You’re ahead of me, aren’t you?

On Monday the roofers arrived. I showed them into the empty room. “Thanks mate, now we’d better get on,” said the chief roofer. “Eh?” “Oh, we don’t need to come in here….”

How we chuckled.

By the way, I recommend D&C Flat Roofing: really nice, efficient guys and boy do they work..

Painful lesson?

I’m worried anew about the debt crisis and the lessons it teaches us.

All the countries mired deep in the financial doo-doo are all the countries that have the best time: the Irish and their craic, the Italians and their irresistible love of life, the Greeks in their eternal sunshine.

All the countries with a reputation for being clever but miserable and humourless are doing just fine: the Swedes, the Germans.
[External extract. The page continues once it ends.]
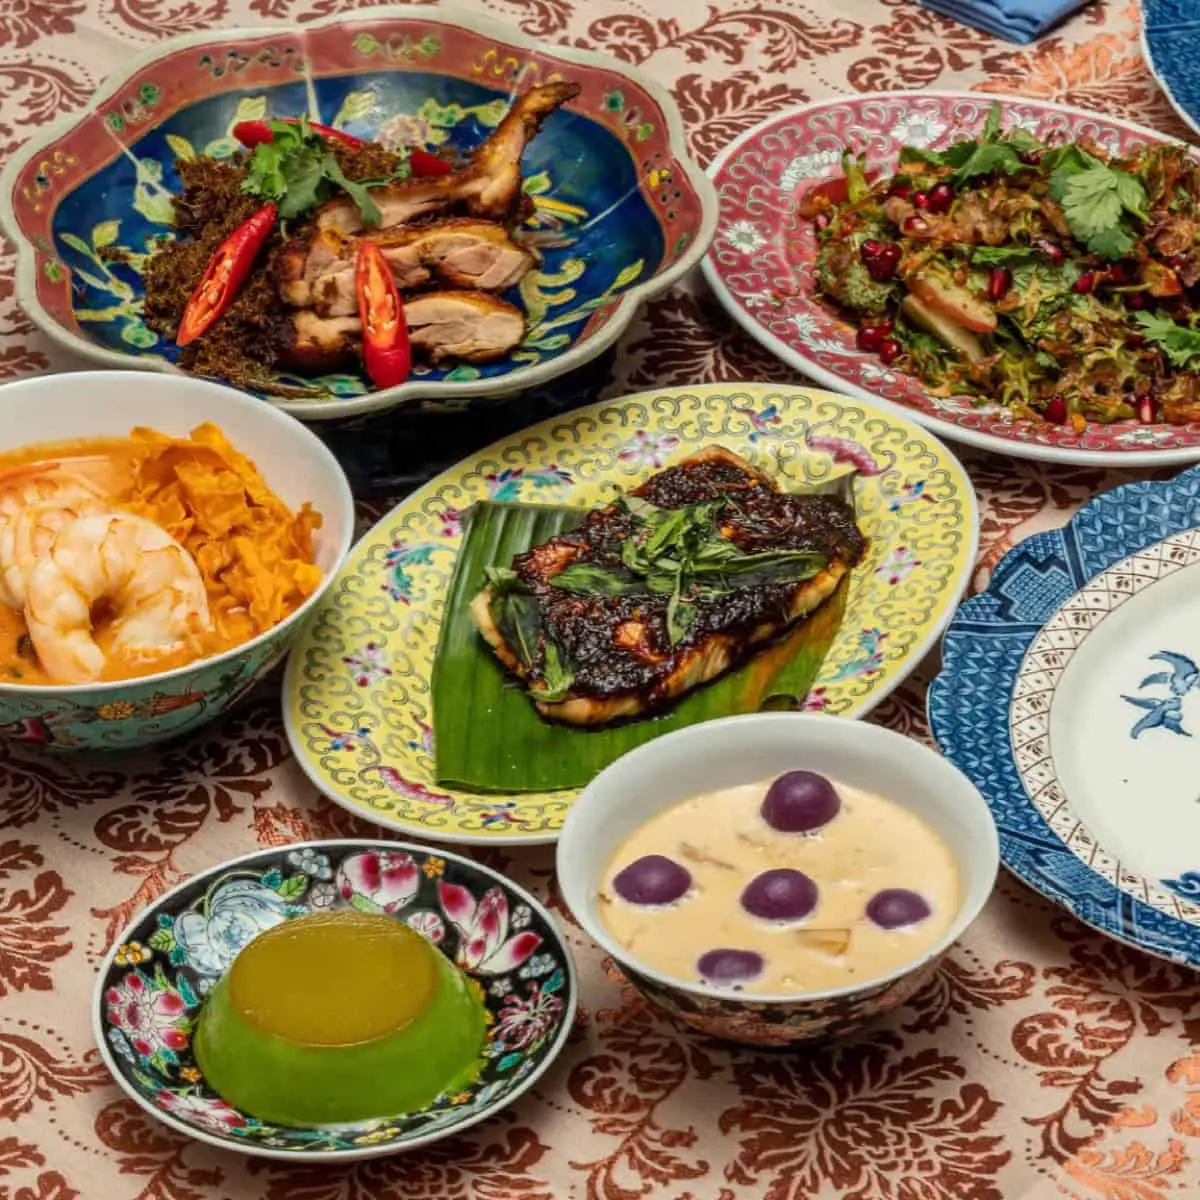 Savoury Tingkat food set from Kebaya

I’ll leave you to work out where I think the English stand in this…

Will it teach our children not to have a good time?

Maybe there will be better lessons: the countries doing best are the countries with solid social policies and strong welfare states, for example. Some people – the Americans – are learning that greed, selfishness and ignorance have consequences.

Me, I’m going to start planting vegetables and maybe buy a pig.

And finally…

Thanks, as always, for the comments – even though I’m sometimes not too sure what you’re on about. Sister Guide, welcome aboard. As you can see, we need a voice of reason.